Without going to the efforts to implement the sieve algorithm, time can still be saved quickly by only verifying divisibility until the square root, and skipping the odd numbers. Then, iterate through the numbers, checking for primeness.
Remember: human time > machine time.
I did this for a coding kata and used the Sieve of Eratosthenes.
puts "Up to which number should I look for prime numbers?"

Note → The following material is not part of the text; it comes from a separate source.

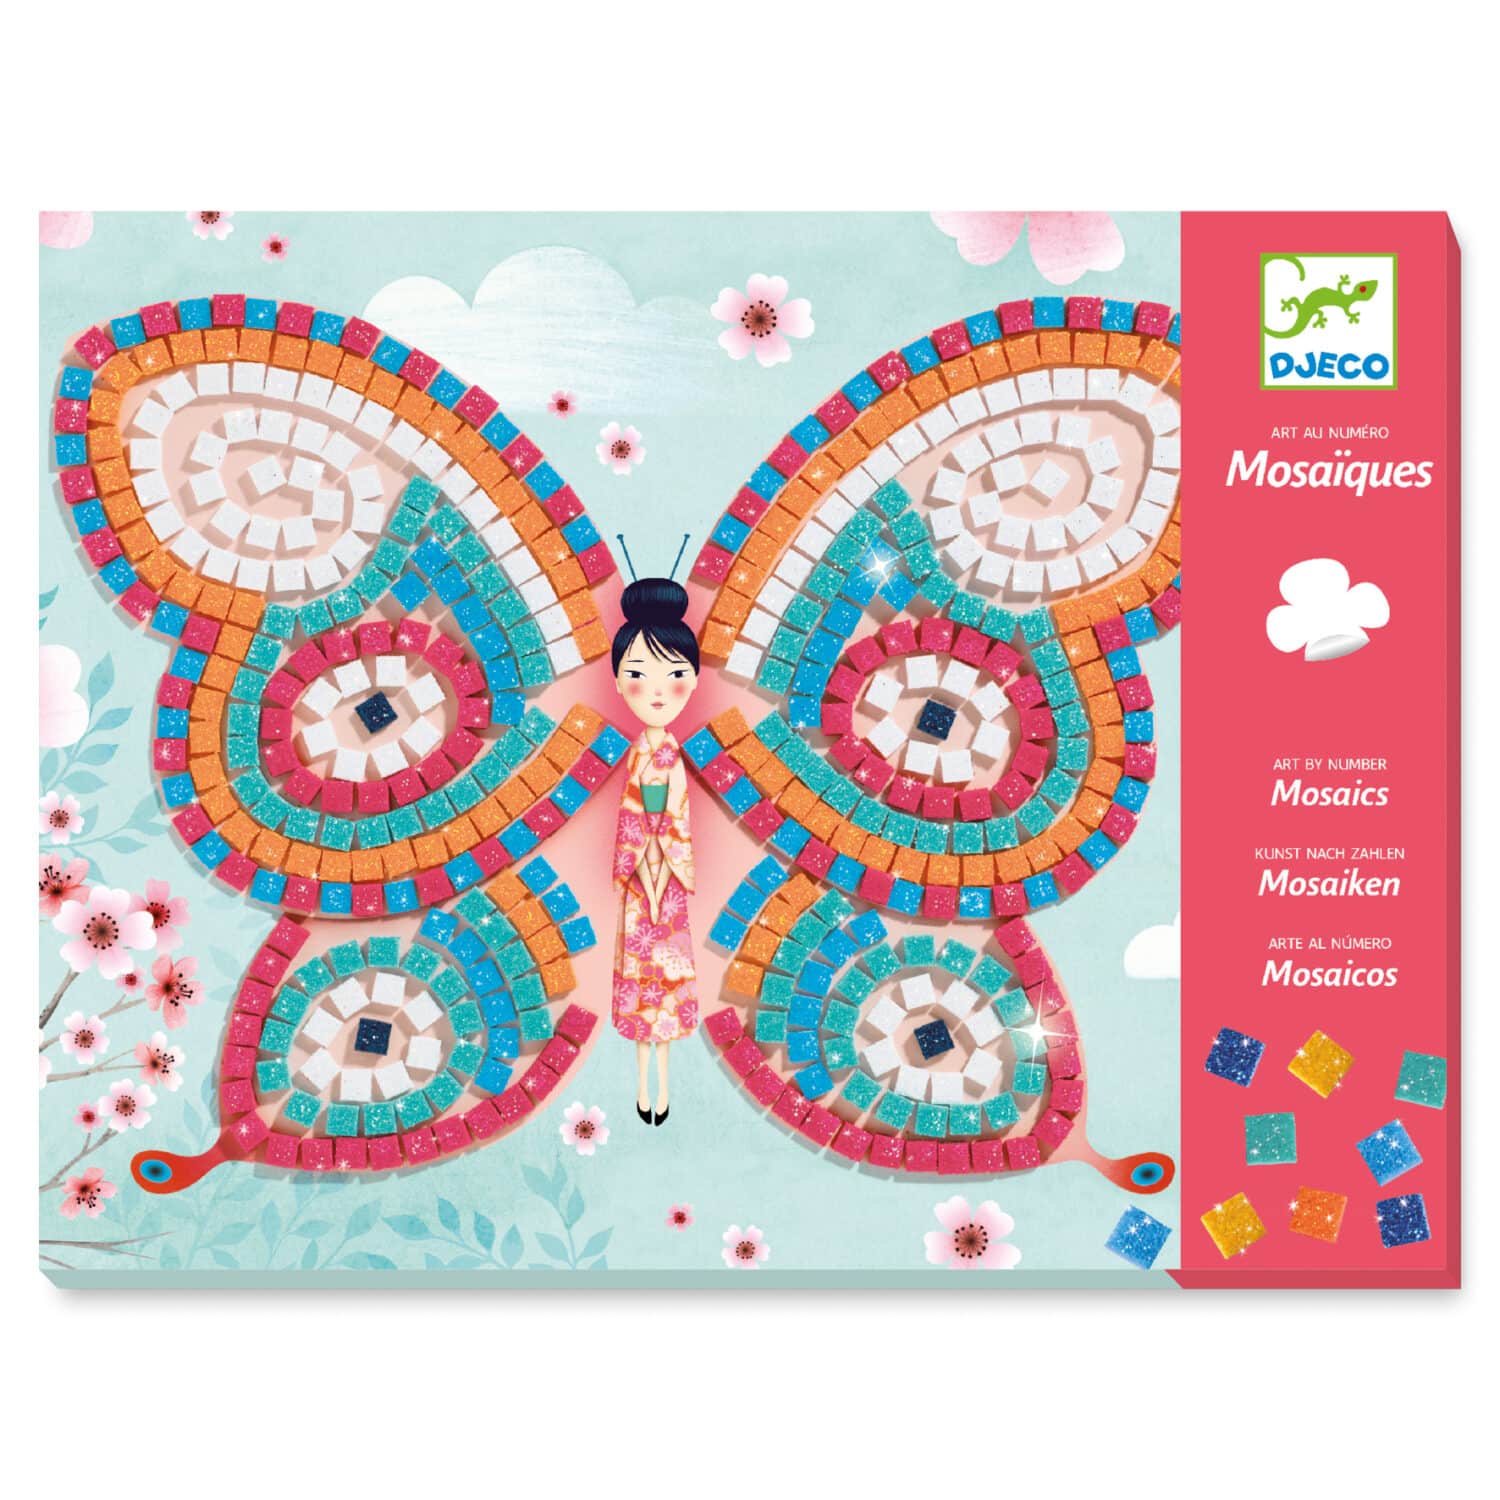 Mosaics Butterflies

number = $stdin.gets.chomp
n = number.to_i
array = (1..n).to_a
i = 0
while array[i]**2 < n
i = i + 1
array = array.select do |element|
element % array[i] != 0 || element / array[i] == 1
end
end
puts array.drop(1)
Ruby: Print N prime Numbers
http://mishra-vishal.blogspot.in/2013/07/include-math-def-printnprimenumbernoofp.html
include Math
def print_n_prime_number(no_of_primes=nil)
no_of_primes = 100 if no_of_primes.nil?
puts "1 \n2"
count = 1
number = 3
while count < no_of_primes
sq_rt_of_num = Math.sqrt(number)
number_divisible_by = 2
while number_divisible_by <= sq_rt_of_num
break if(number % number_divisible_by == 0)
number_divisible_by = number_divisible_by + 1
end
if number_divisible_by > sq_rt_of_num
puts number
count = count+1
end
number = number + 2
end
end
print_n_prime_number
Not related at all with the question itself, but FYI:
if someone doesn't want to keep generating prime numbers again and again (a.k.a. greedy resource saver)
or maybe you already know that you must to work with subsequent prime numbers in some way
other unknown and wonderful cases
Try with this snippet:
require 'prime'
for p in Prime::Generator23.new
# `p` brings subsequent prime numbers until the end of the days (or until your computer explodes)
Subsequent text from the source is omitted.